### Given information
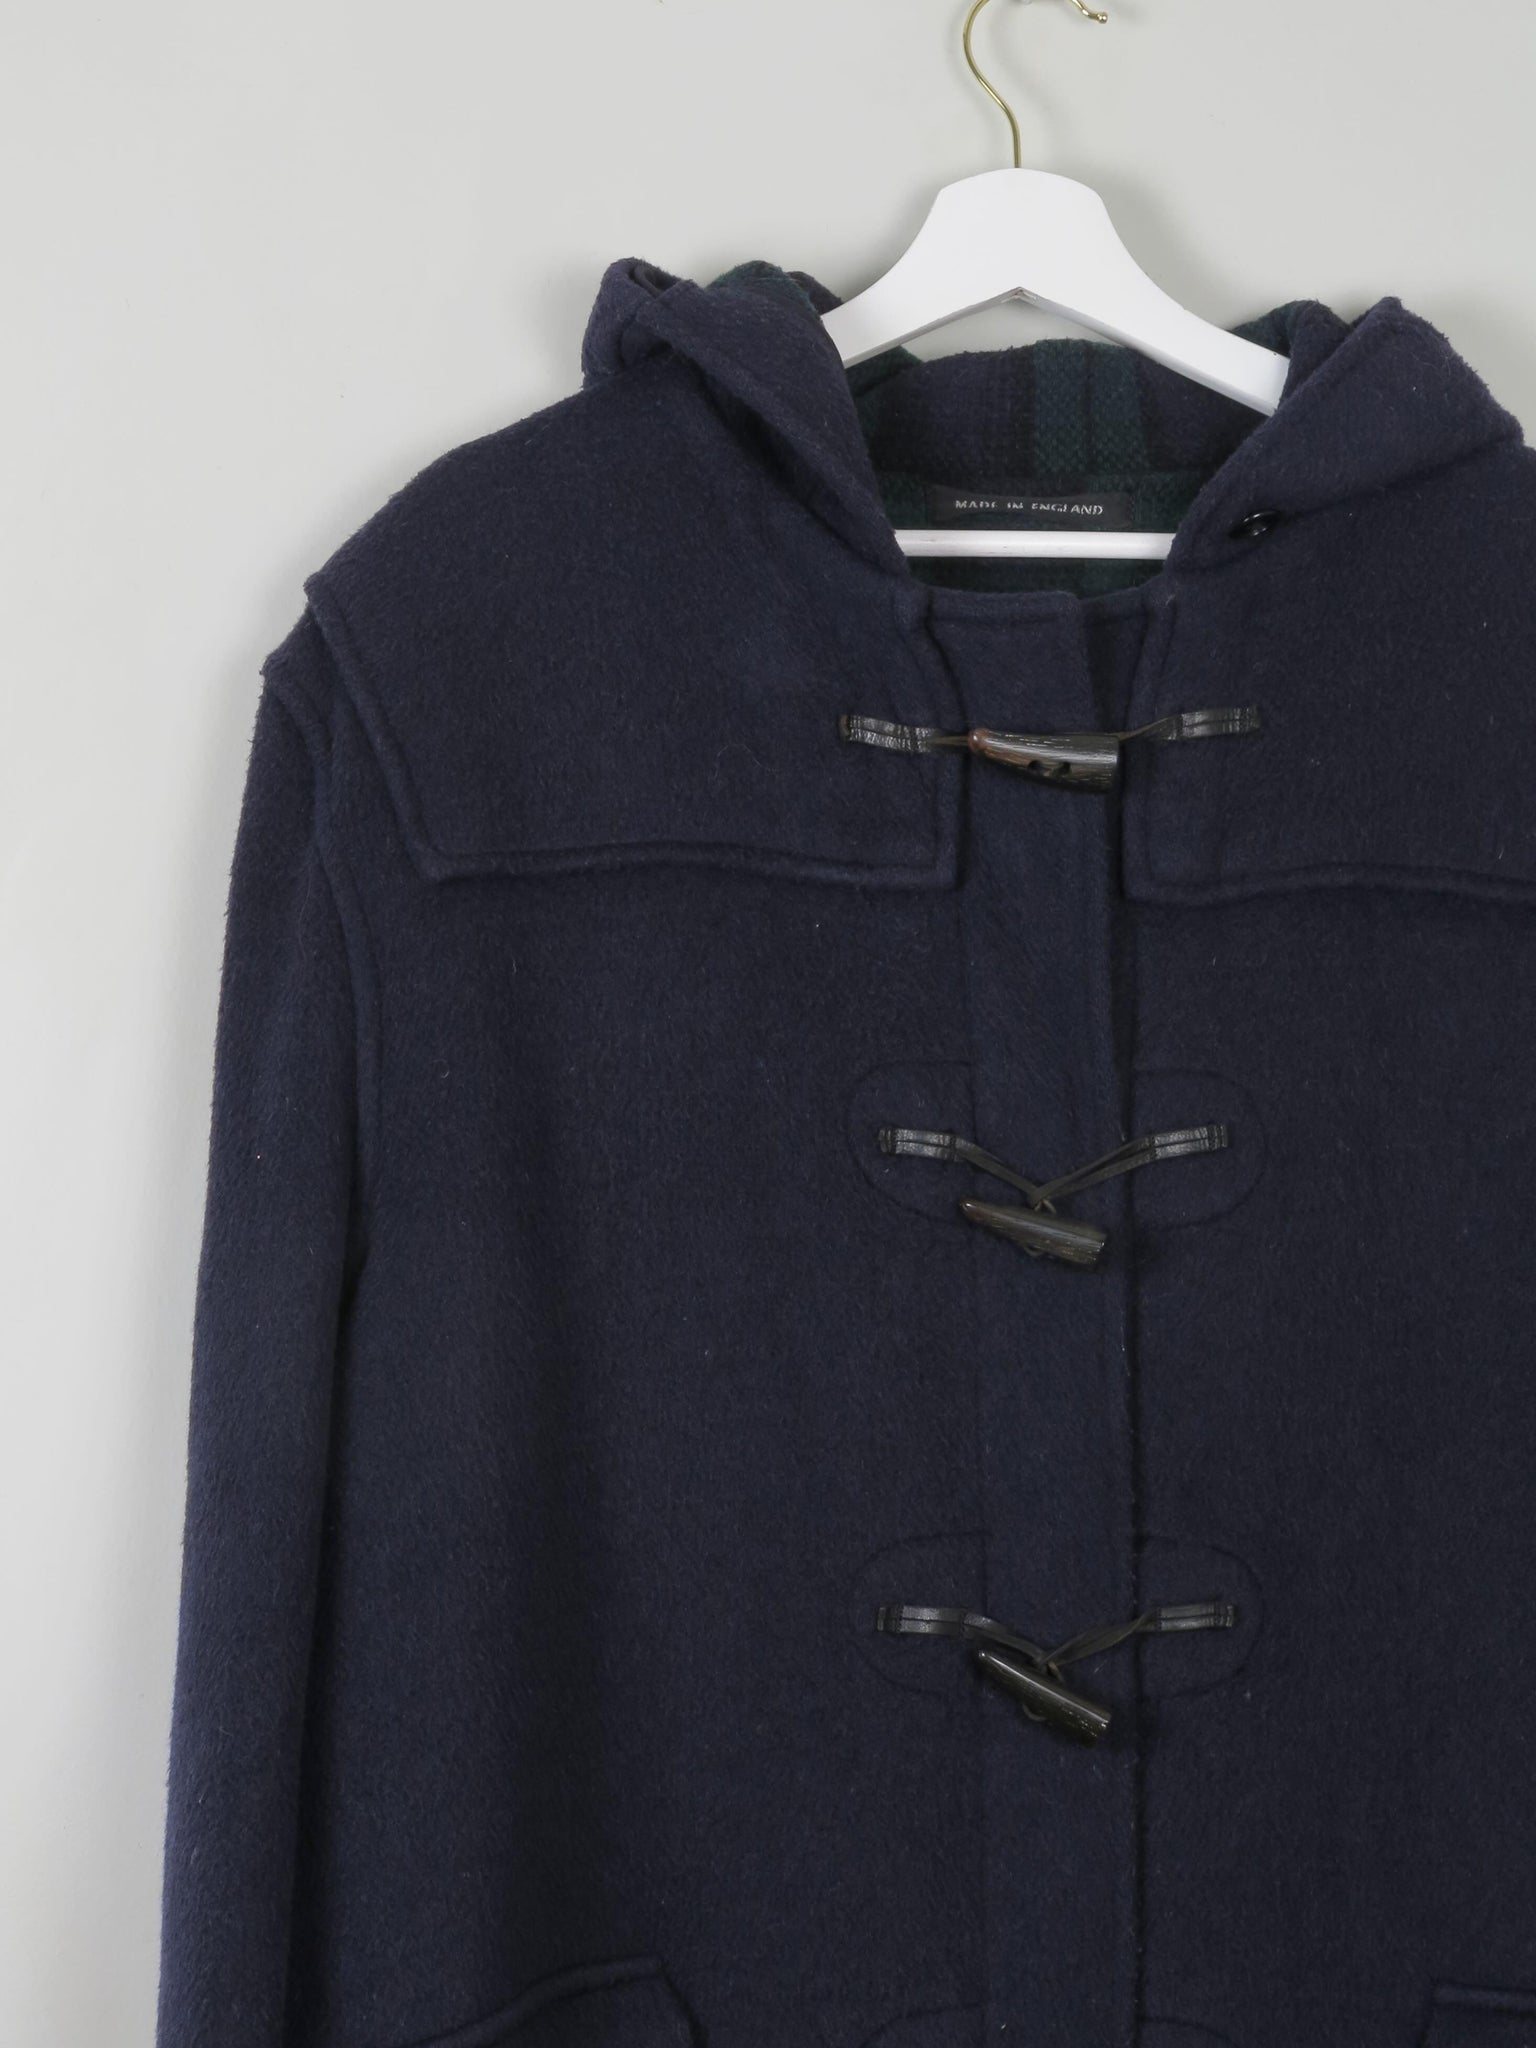 Men's Navy Wool Gloverall Duffle Coat 44/L/XL - The Harlequin
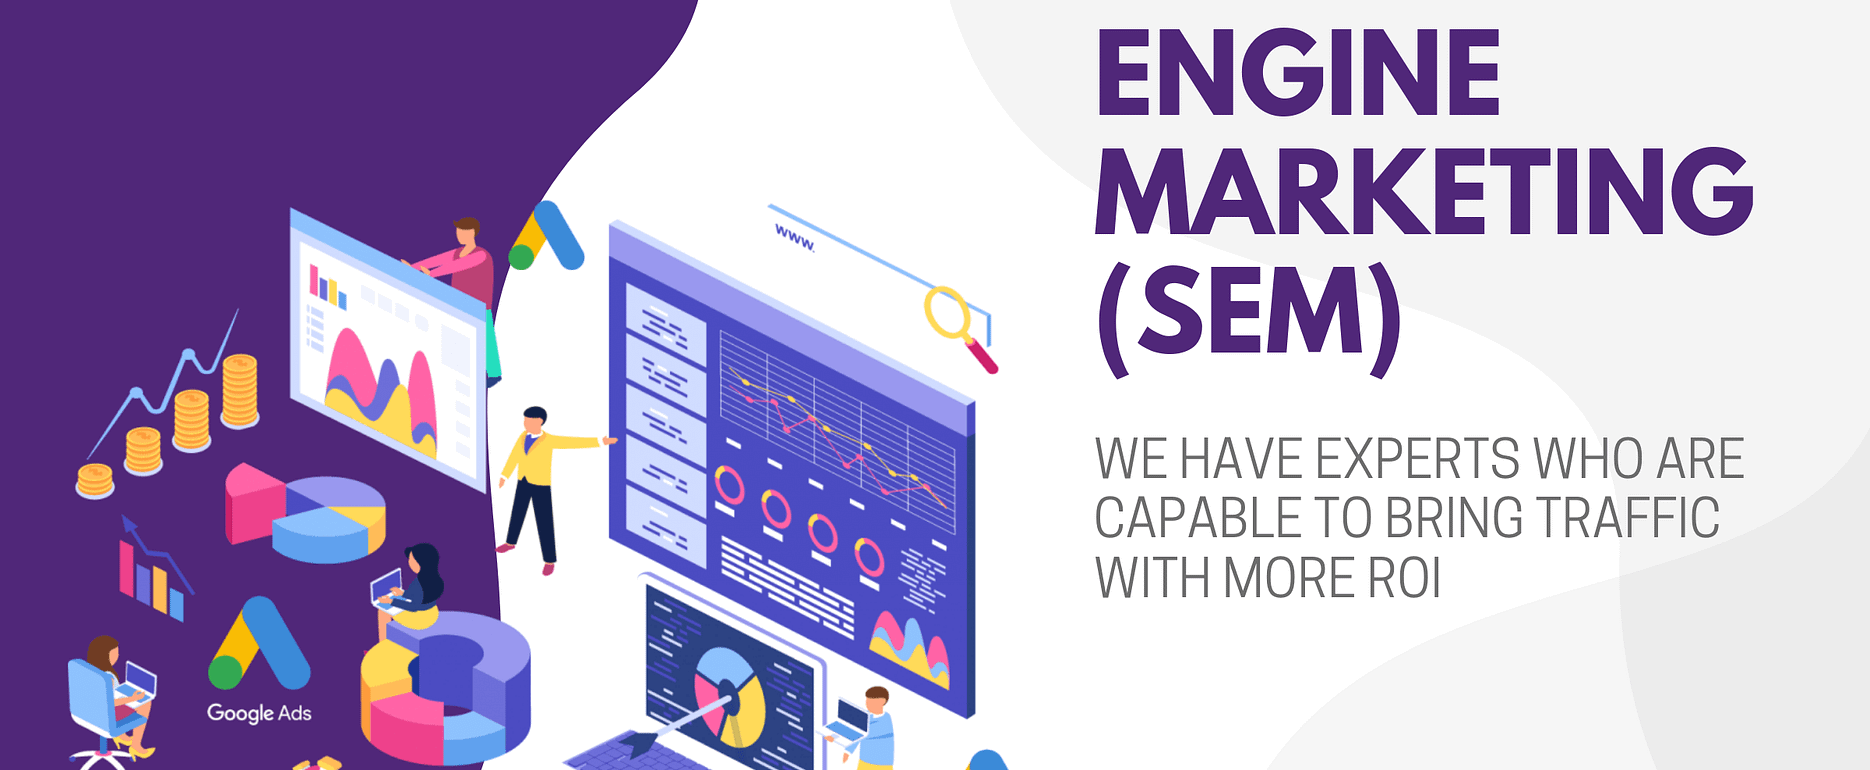 Search Engine Marketing SEM
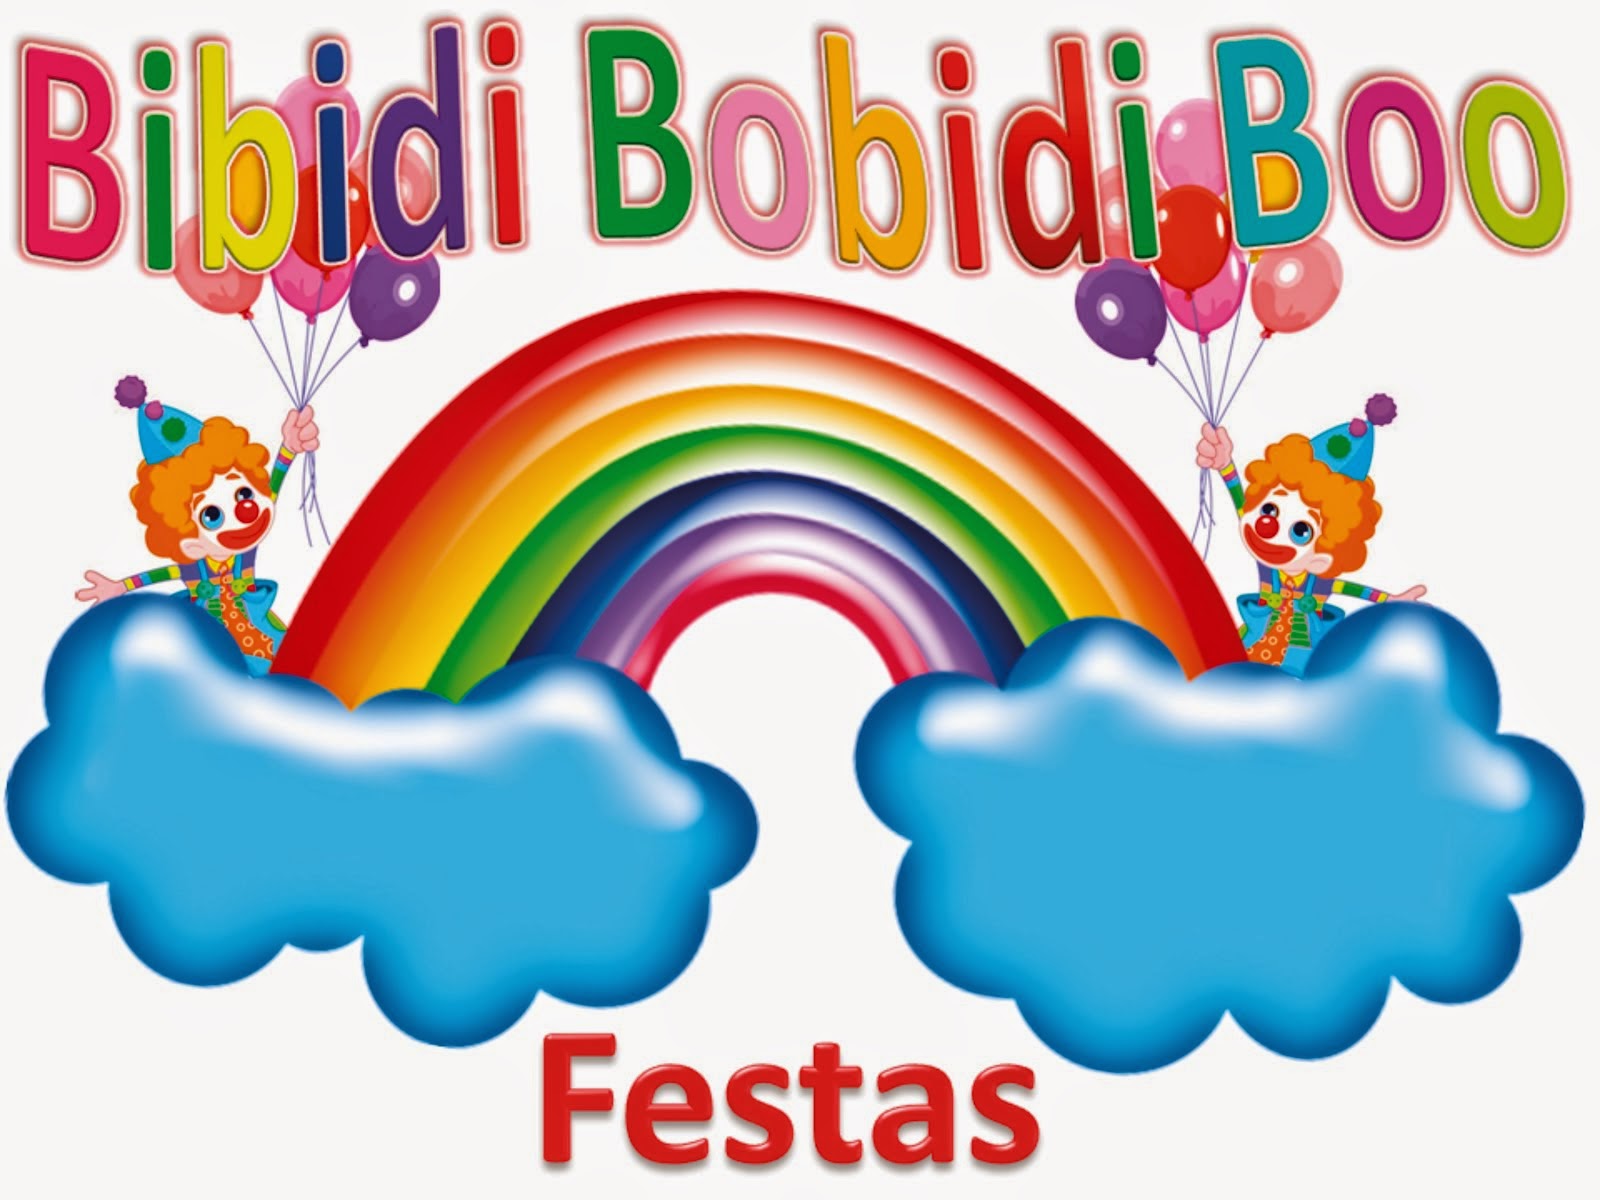 Bibidi Bobidi Boo Festas
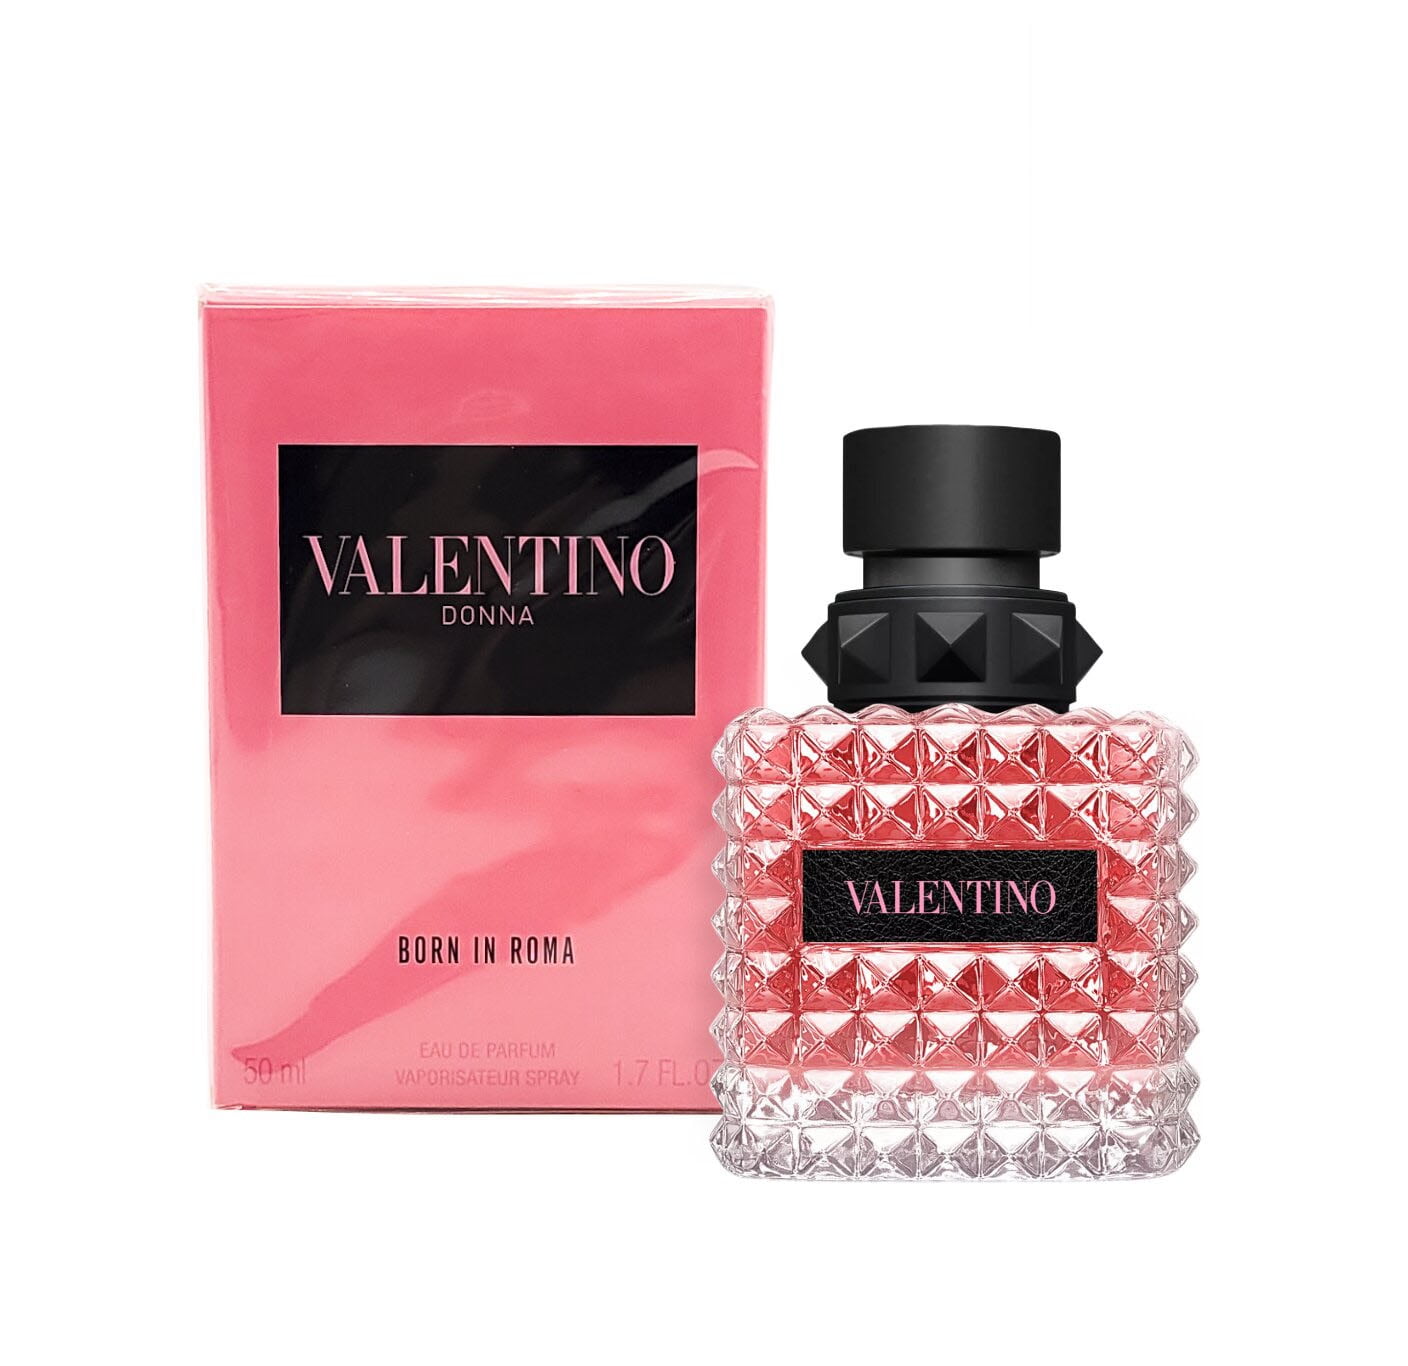 Valentino Donna by Valentino 1.7 oz Eau de Parfum Spray / Women

### Exercise objective
Your task is an exact transcription of all the data, minus the pictures.

### Written reply
 Men's Navy Wool Gloverall Duffle Coat 44/L/XL - The Harlequin
 Search Engine Marketing SEM
 Bibidi Bobidi Boo Festas
 Valentino Donna by Valentino 1.7 oz Eau de Parfum Spray / Women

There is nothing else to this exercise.